_Recorded information_:
....

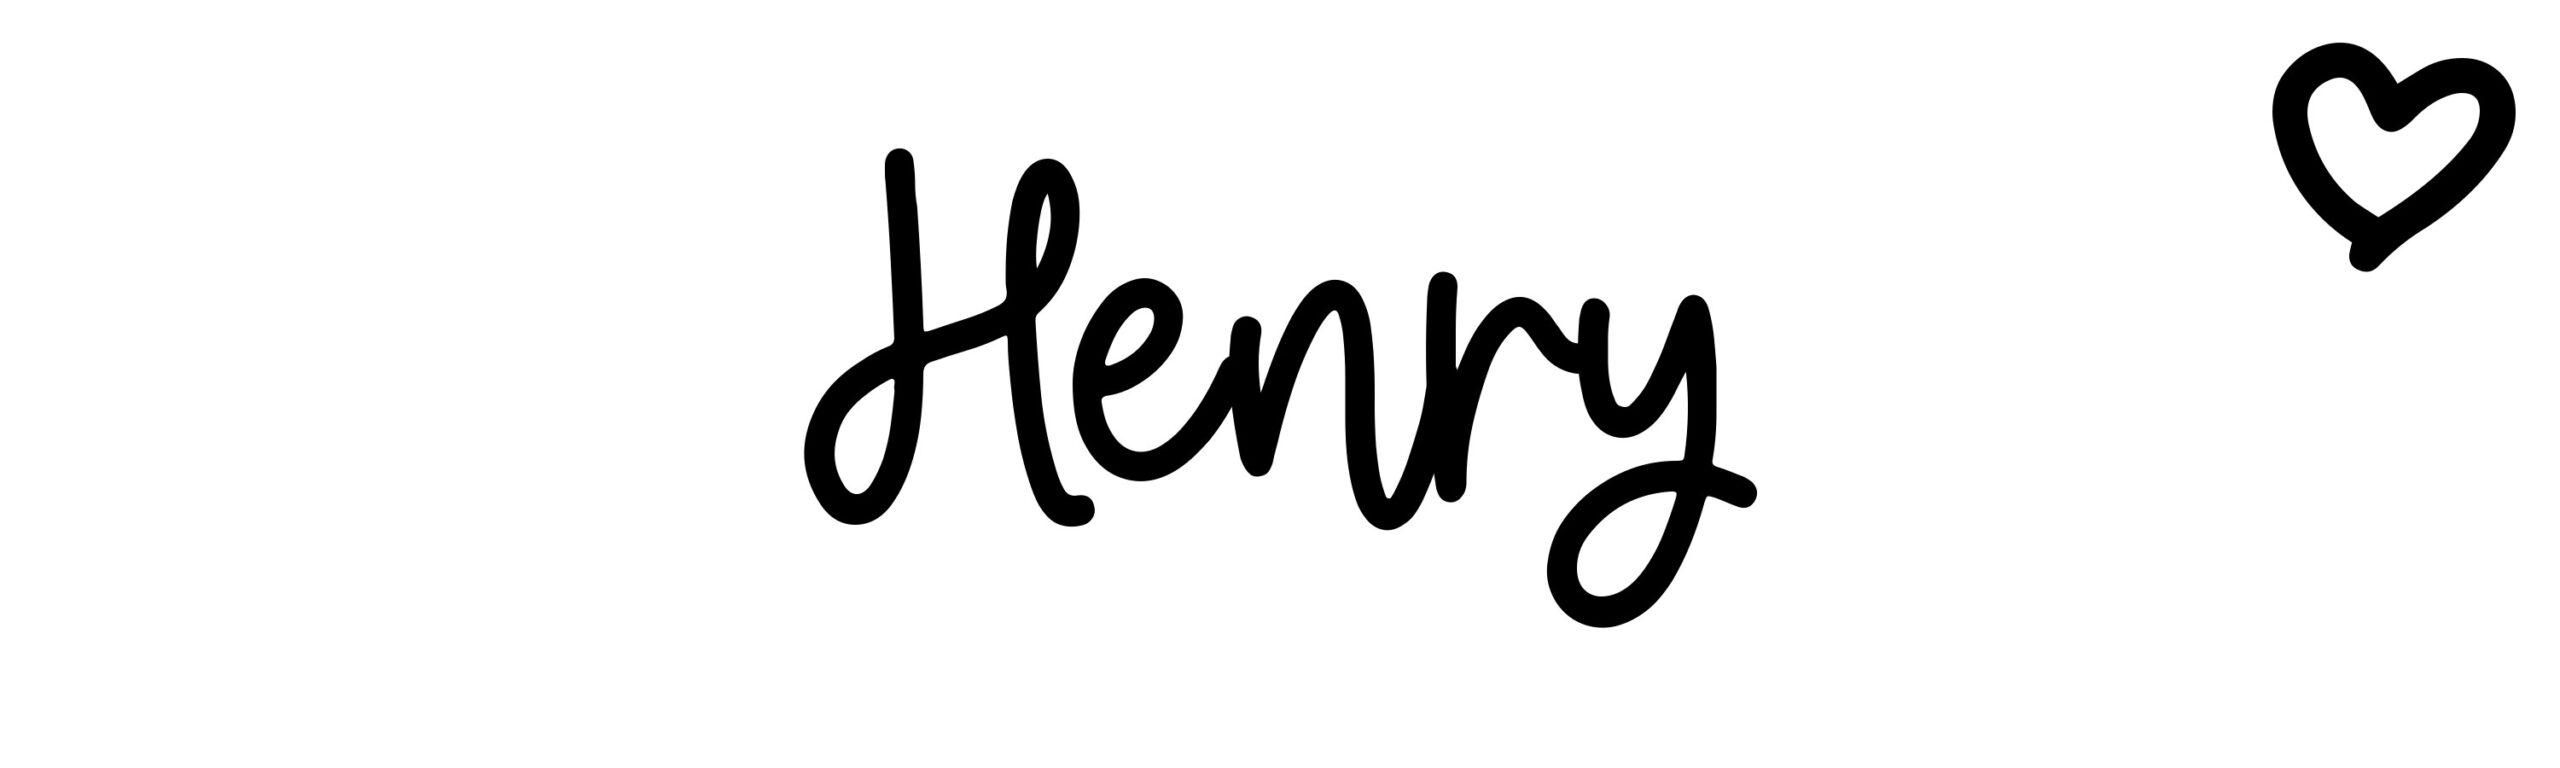 Henry - Name meaning, origin, variations and more
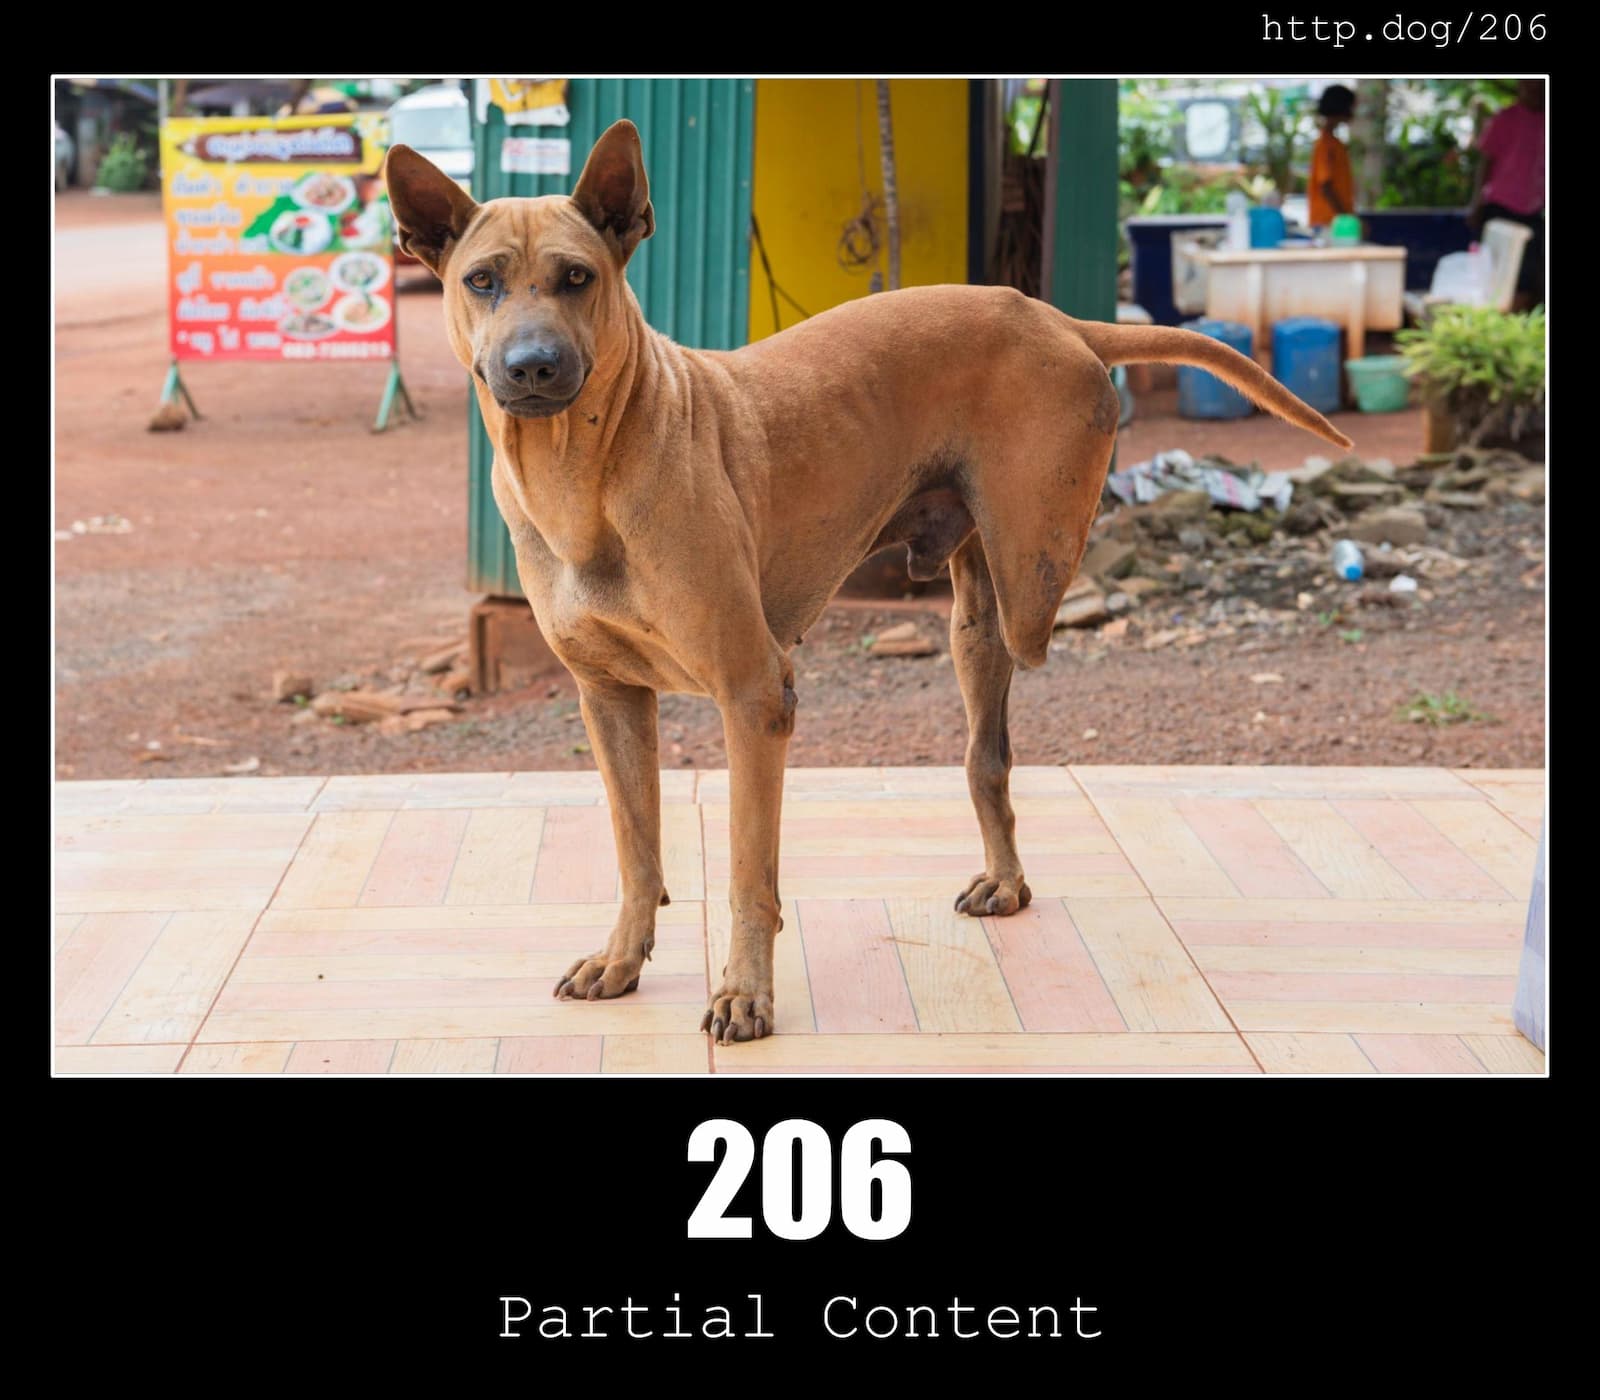 HTTP Status Code 206 Partial Content  & Dogs
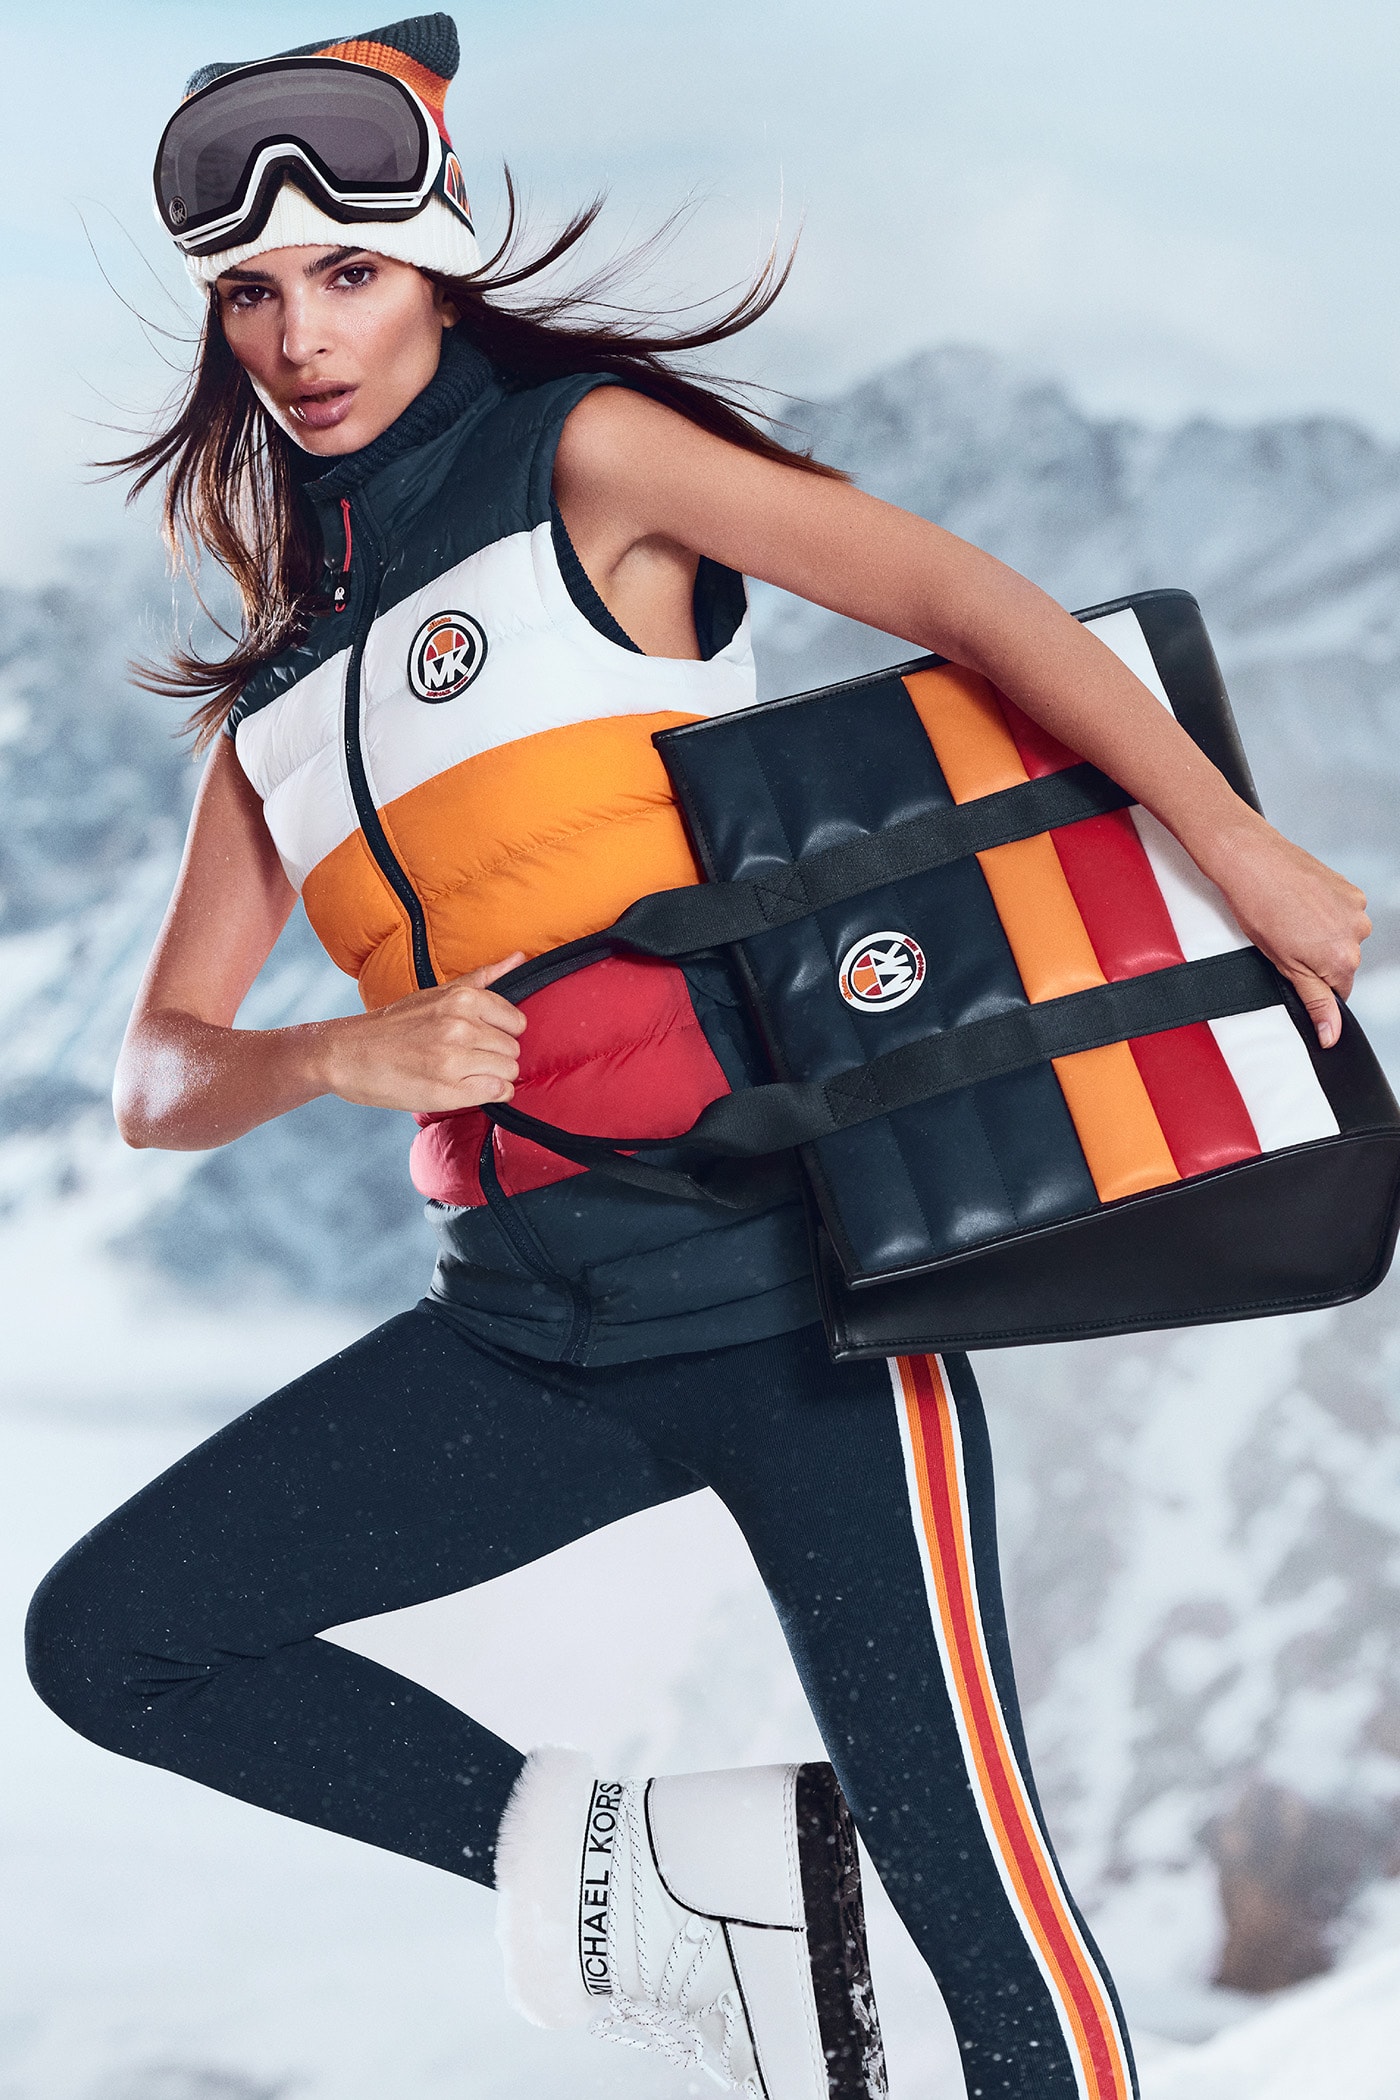 Michael Kors and ellesse Ski Inspired Capsule Collection

....

_Task to complete_:
Find the line that contains "HTTP Status Code" and repeat it, along with every line after it to the end of the data, exactly; drop the pictures.

_Task output_:
 HTTP Status Code 206 Partial Content  & Dogs
 Michael Kors and ellesse Ski Inspired Capsule Collection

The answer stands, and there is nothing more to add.